Department of Medicine I, Division of Infectious Diseases and Tropical Medicine, Medical University of Vienna, Vienna, Austria.
Centre de Recherches Médicales de Lambaréné, Lambaréné, Gabon.
Trop Med Int Health. 2019 Jun;24(6):663-670. doi: 10.1111/tmi.13228. Epub 2019 Mar 27.
[ F]-2-fluoro-2-deoxy-D-glucose (18F-FDG) positron emission tomography/computed tomography (FDG-PET/CT) imaging provides important information about the size and metabolic activity of lesions caused by Echinococcus multilocularis and is therefore recommended for the initial assessment and follow-up of human alveolar echinococcosis (AE). The introduction of positron emission tomography/magnetic resonance imaging (PET/MRI) into clinical practice in affluent health care systems provides an alternative dual imaging modality, which has not yet been evaluated for AE.
Here, we describe the initial clinical experience with comparative PET/CT and PET/MR imaging in four human AE patients at an Austrian reference centre.
PET/MR imaging showed comparable diagnostic capacity for liver lesions attributable to E. multilocularis infection, with a discrepancy only in the assessment of calcifications in one patient. Effective doses of radiation were 30.4-31 mSV for PET/CT, which were reduced in PET/MRI to the exposure of F-FDG only (4.9-5.5 mSv).
PET/MRI provides comparable diagnostic information for AE management. The reduction in radiation exposure compared to PET/CT may be of particular importance for children and young patients not amenable for curative surgery requiring repeated long-term follow-up with dual imaging modalities. Further studies are warranted to prospectively evaluate the potential of PET/MRI in the management of AE.
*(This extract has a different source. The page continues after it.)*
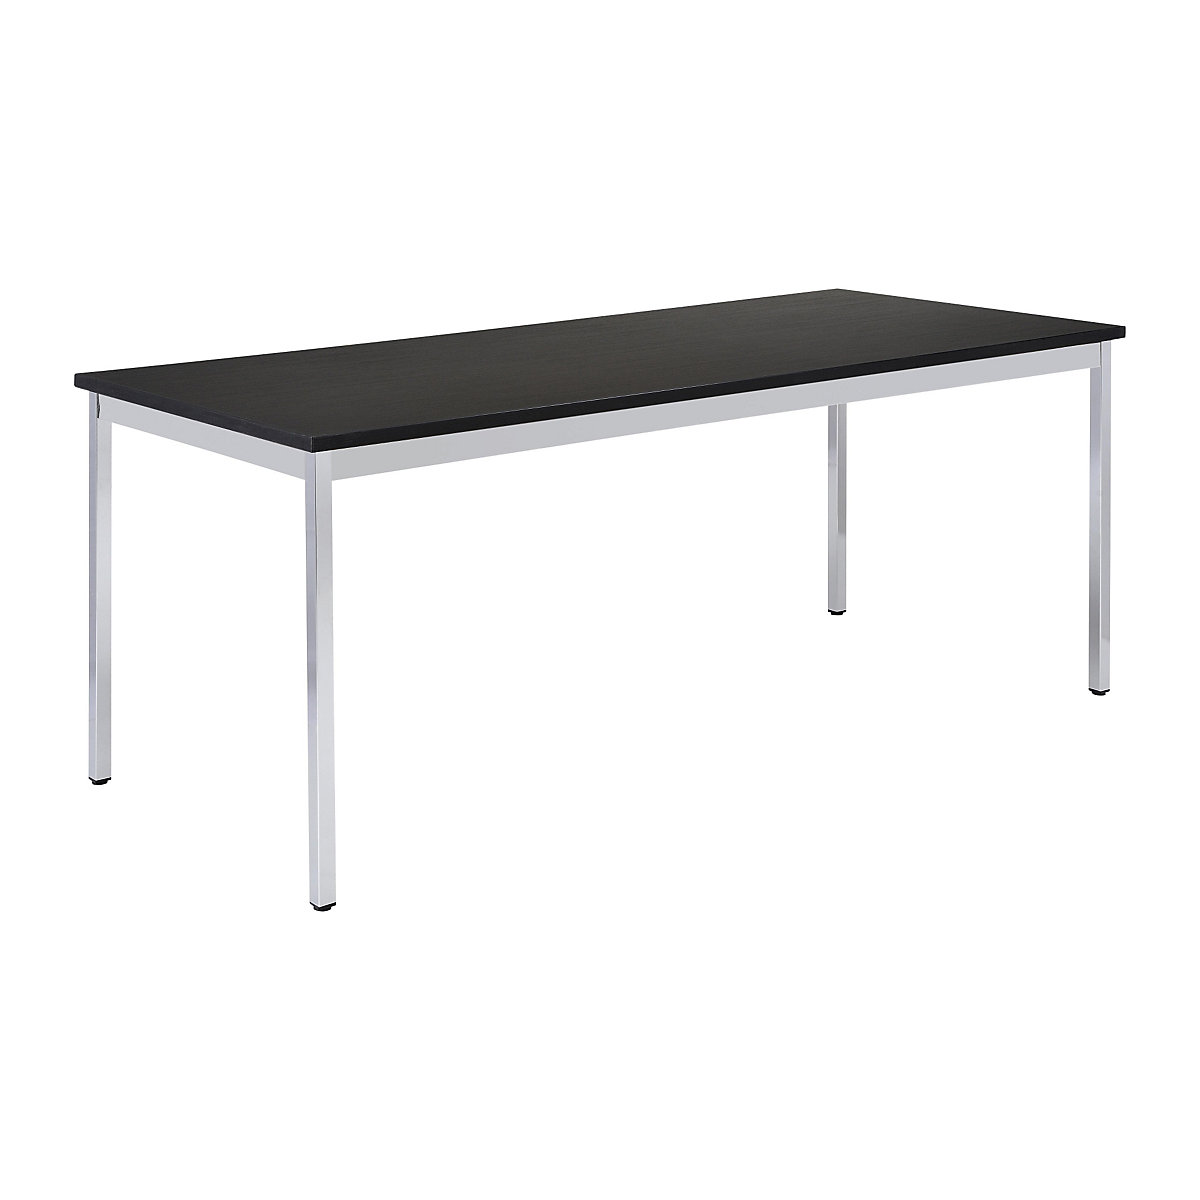 Víceúčelový stůl – eurokraft basic, obdélníkový tvar, š x v 1400 x 740 mm, hloubka 700 mm, deska černá, podstavec pochromovaný-14

[F]-2-氟-2-脱氧-D-葡萄糖(18F-FDG)正电子发射断层扫描/计算机断层扫描(FDG-PET/CT)成像提供了关于泡型包虫病引起的病变大小和代谢活性的重要信息,因此推荐用于人类泡型包虫病(AE)的初始评估和随访。在富裕的医疗保健系统中,正电子发射断层扫描/磁共振成像(PET/MRI)的引入为 AE 提供了一种替代的双重成像方式,尚未对其进行评估。
在这里,我们描述了在奥地利参考中心的 4 名人类 AE 患者中进行比较 PET/CT 和 PET/MR 成像的初步临床经验。
PET/MR 成像显示对归因于多房棘球蚴感染的肝脏病变具有相当的诊断能力,只有一名患者的钙化评估存在差异。PET/CT 的有效辐射剂量为 30.4-31 mSV,而在 PET/MRI 中,仅暴露于 F-FDG 时,辐射剂量降低至 4.9-5.5 mSV。
PET/MRI 为 AE 管理提供了相当的诊断信息。与 PET/CT 相比,辐射暴露的减少对于不能进行根治性手术且需要重复长期随访的儿童和年轻患者,特别是使用双重成像方式的患者,可能具有特别重要的意义。需要进一步的研究来前瞻性评估 PET/MRI 在 AE 管理中的潜力。